*Exercise:* Transcribe everything in the listing below exactly, except the pictures.

*Data for review:*
◇ ◇ ◇ ◇
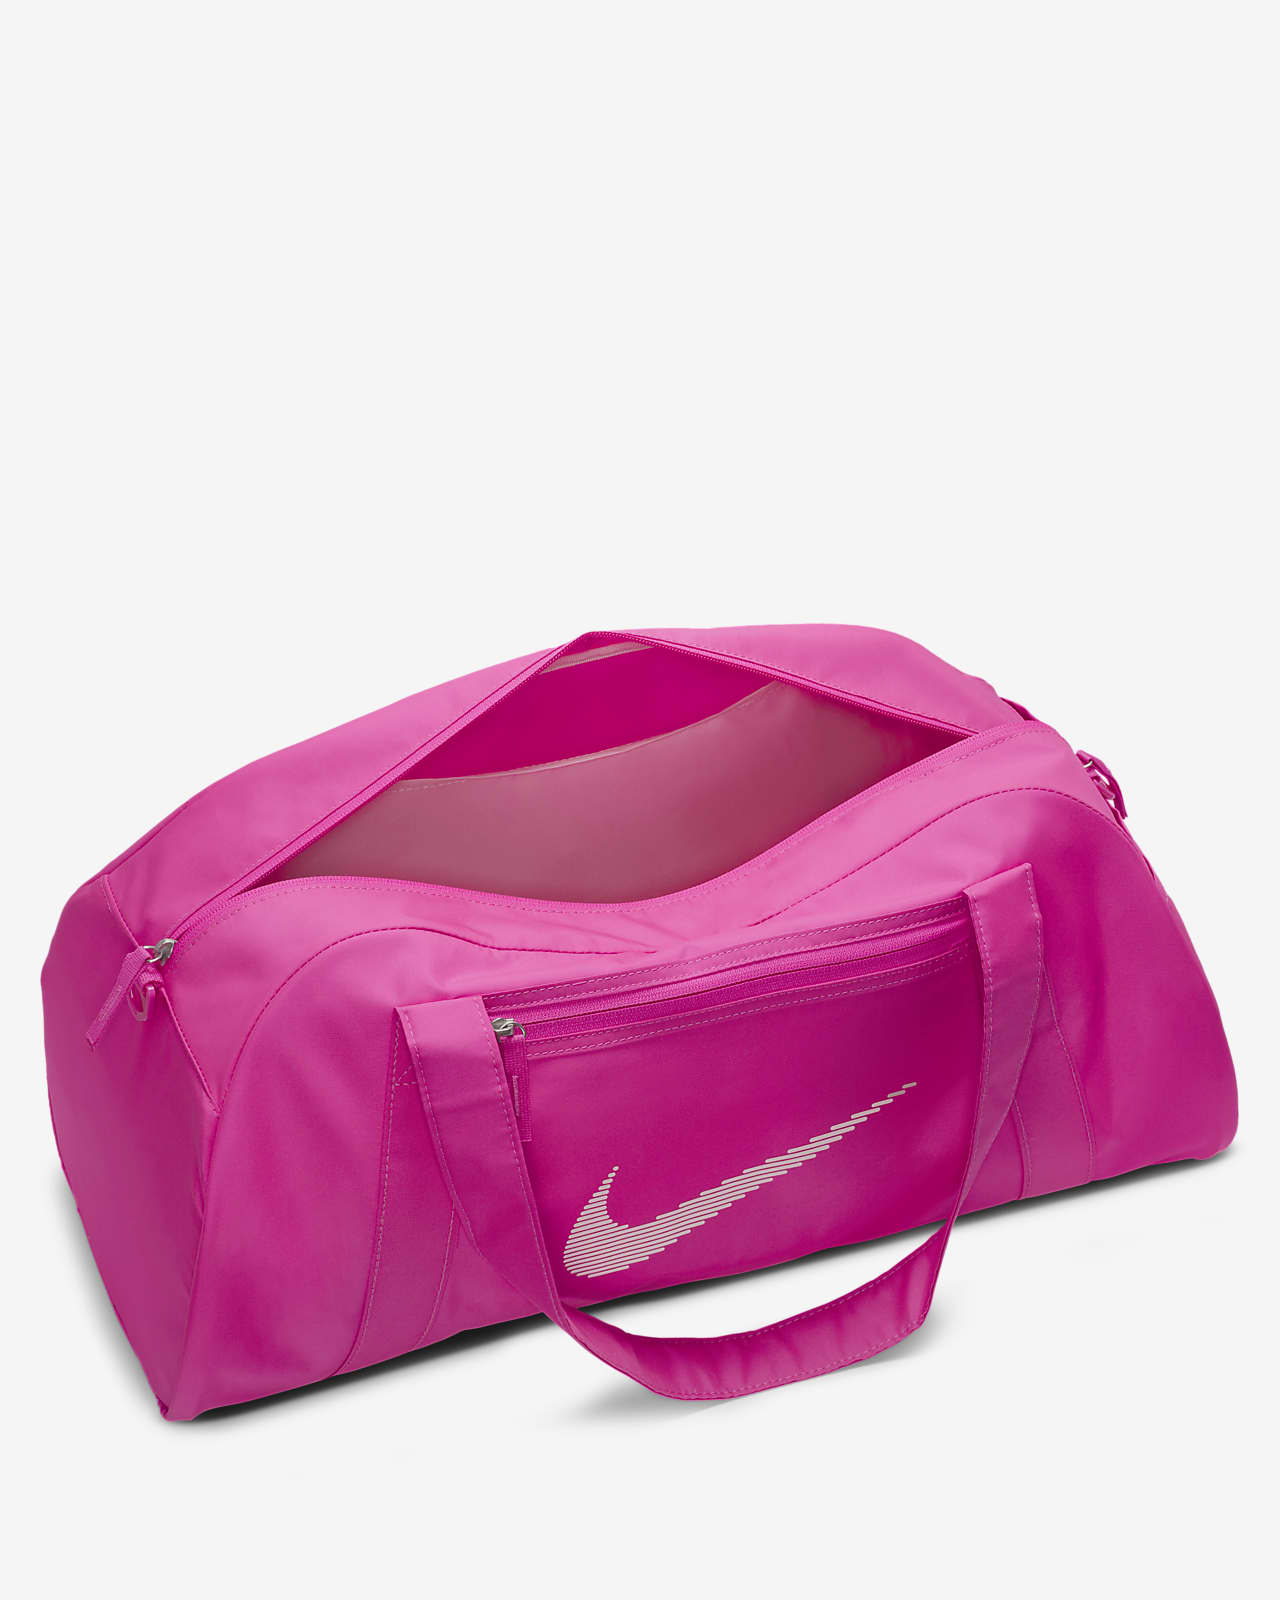 Bolsa de Deporte Gym Club Mujer Rosa
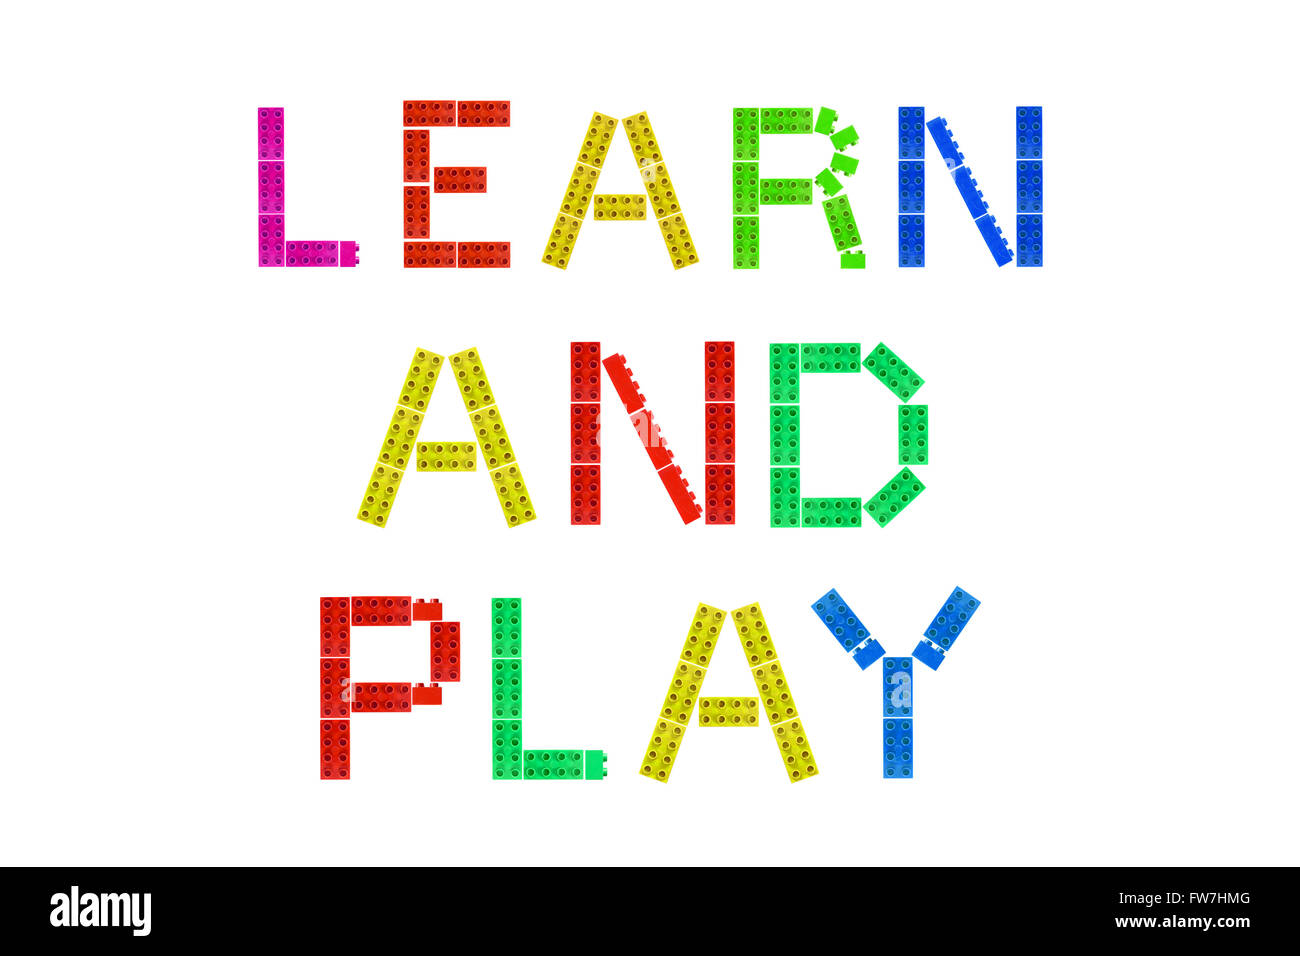 Apprendre et Jouer créé à partir de morceaux de Lego photographié sur un fond blanc. Banque D'Images
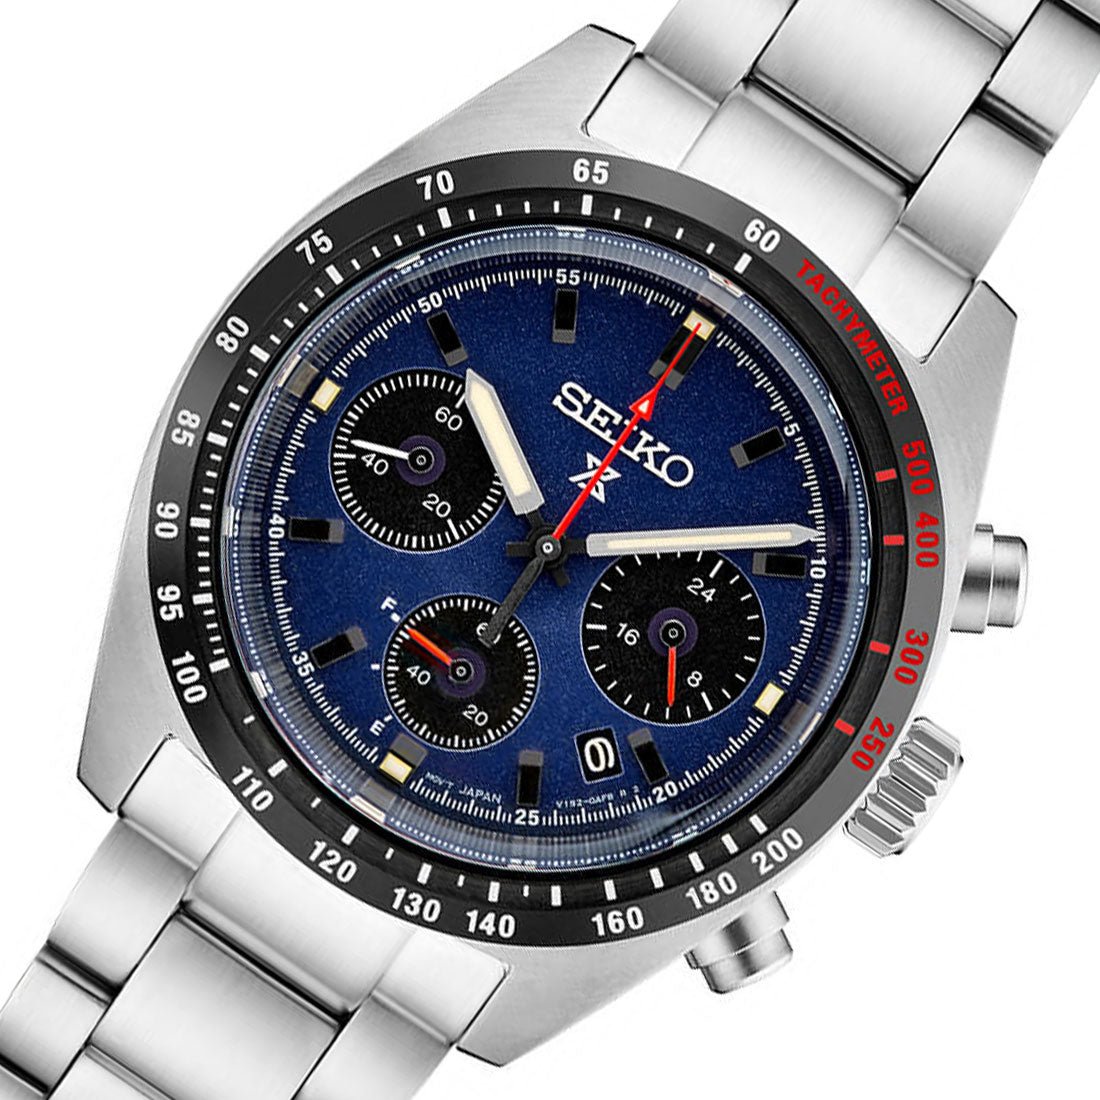 Seiko Prospex Chronograph Solar SpeedTimer JDM Blue Dial Watch SBDL087 -Seiko
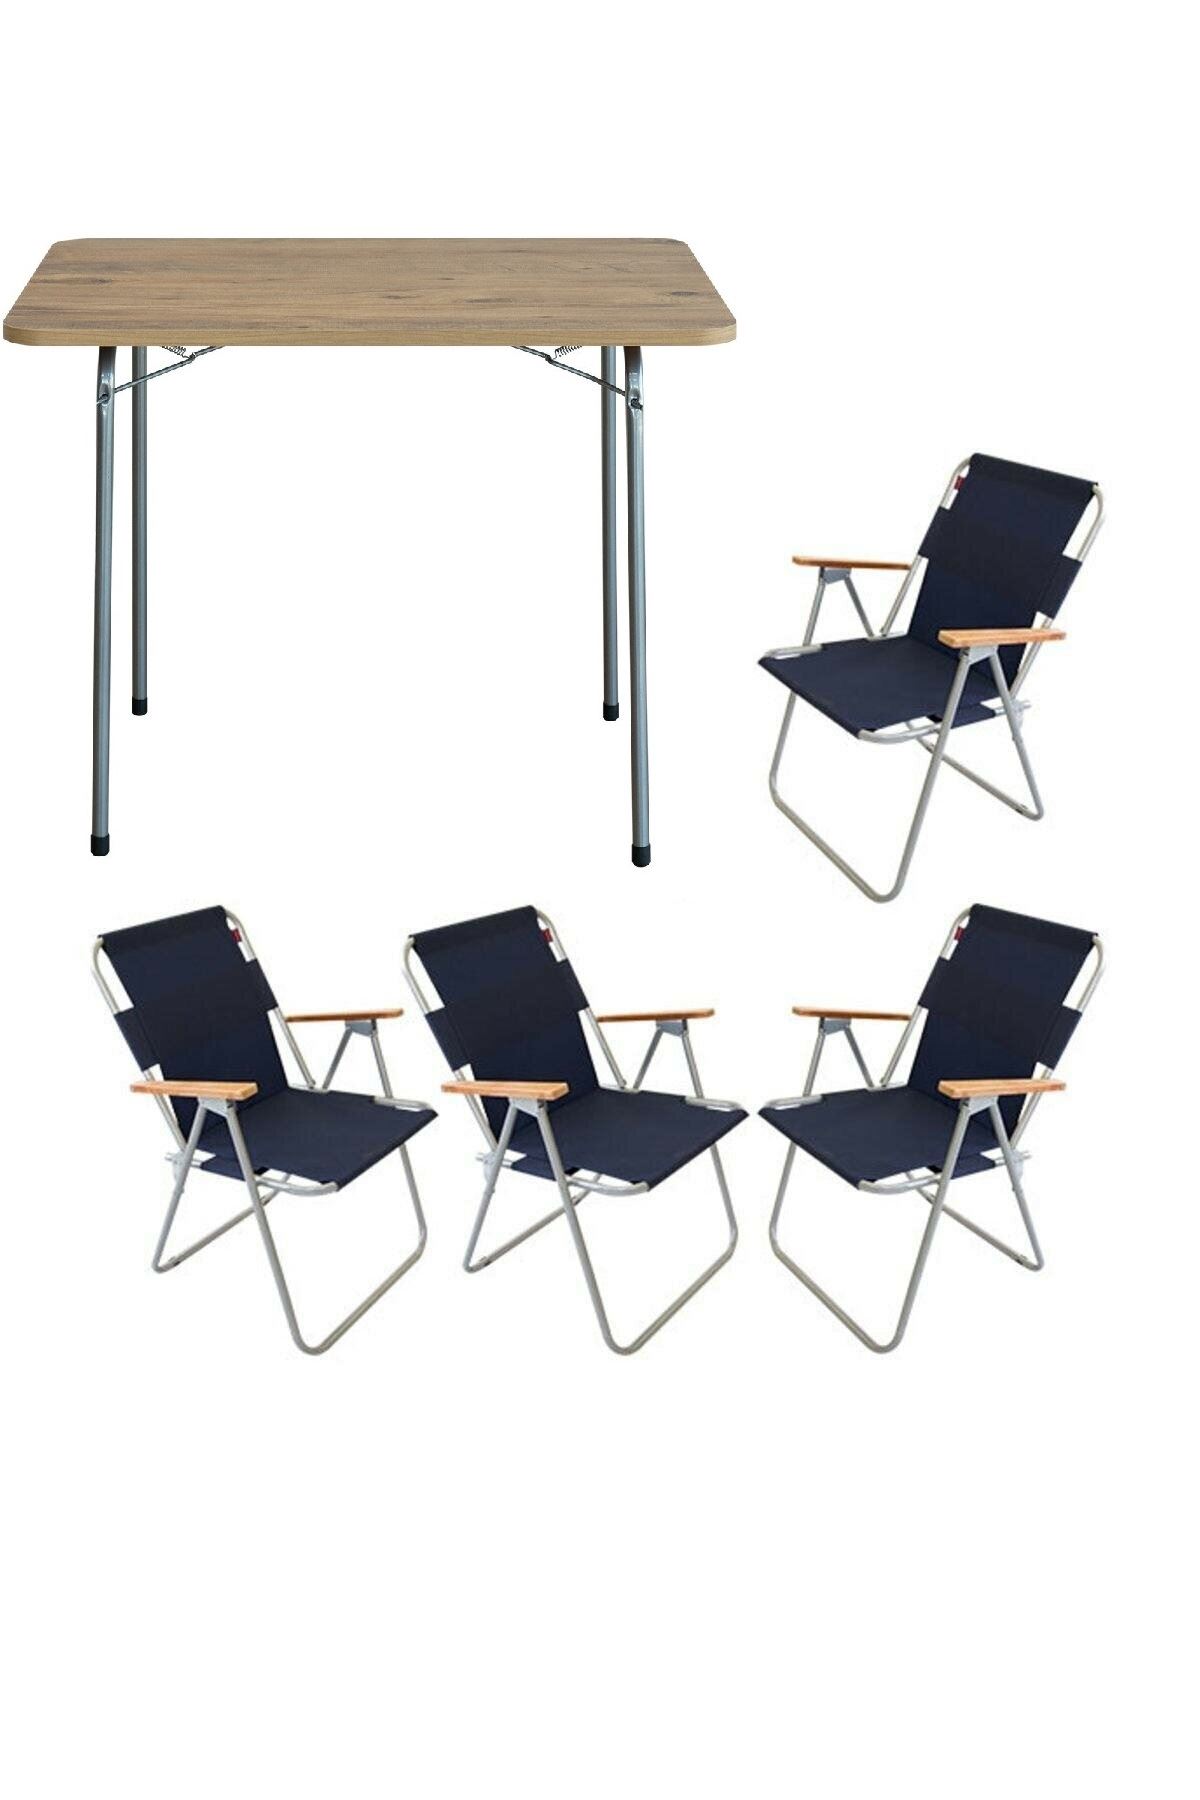 Bofigo 60x80 Pine Folding Table + 4 Pieces Folding Chair Camping Set Garden Balcony Set Navy Blue
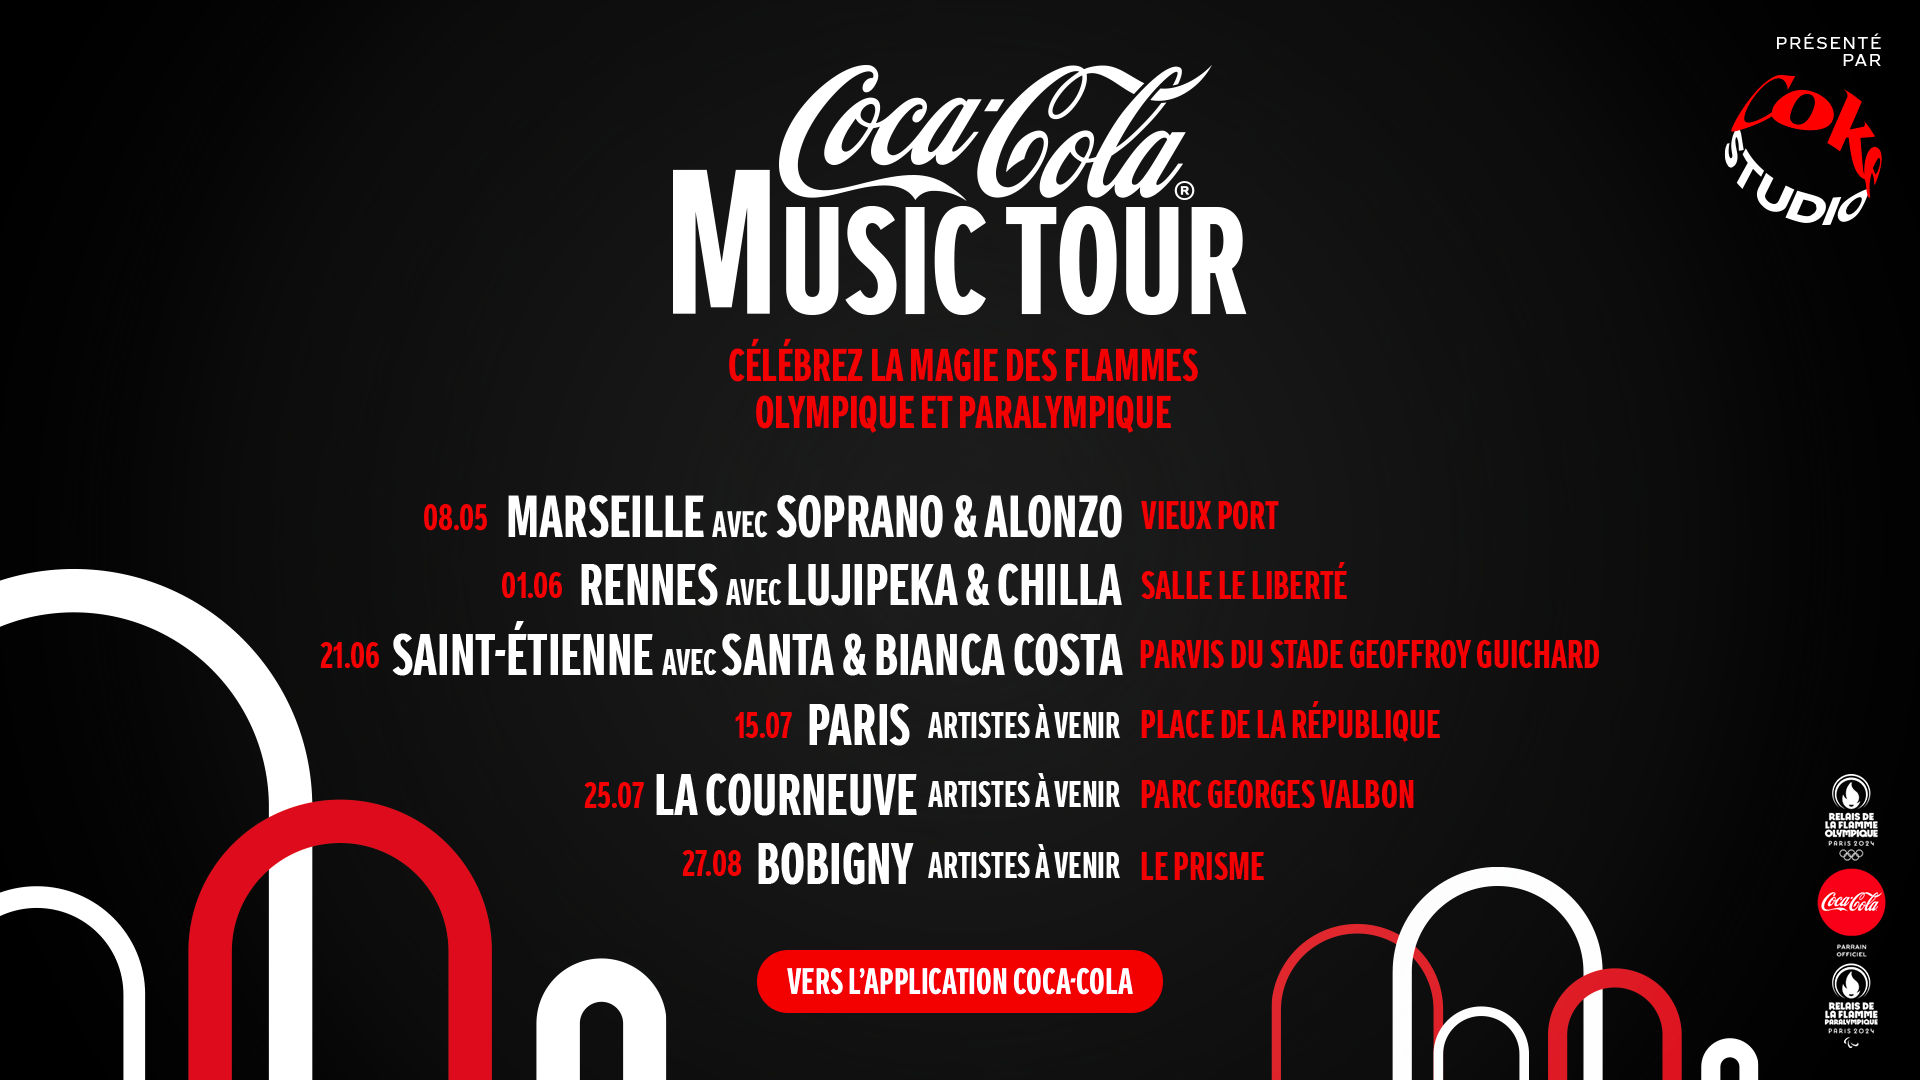 Coca-Cola® Music Tour
◇ ◇ ◇ ◇
*Reply:*
 Bolsa de Deporte Gym Club Mujer Rosa
 Apprendre et Jouer créé à partir de morceaux de Lego photographié sur un fond blanc. Banque D'Images
 Seiko Prospex Chronograph Solar SpeedTimer JDM Blue Dial Watch SBDL087 -Seiko
 Bofigo 60x80 Pine Folding Table + 4 Pieces Folding Chair Camping Set Garden Balcony Set Navy Blue
 Coca-Cola® Music Tour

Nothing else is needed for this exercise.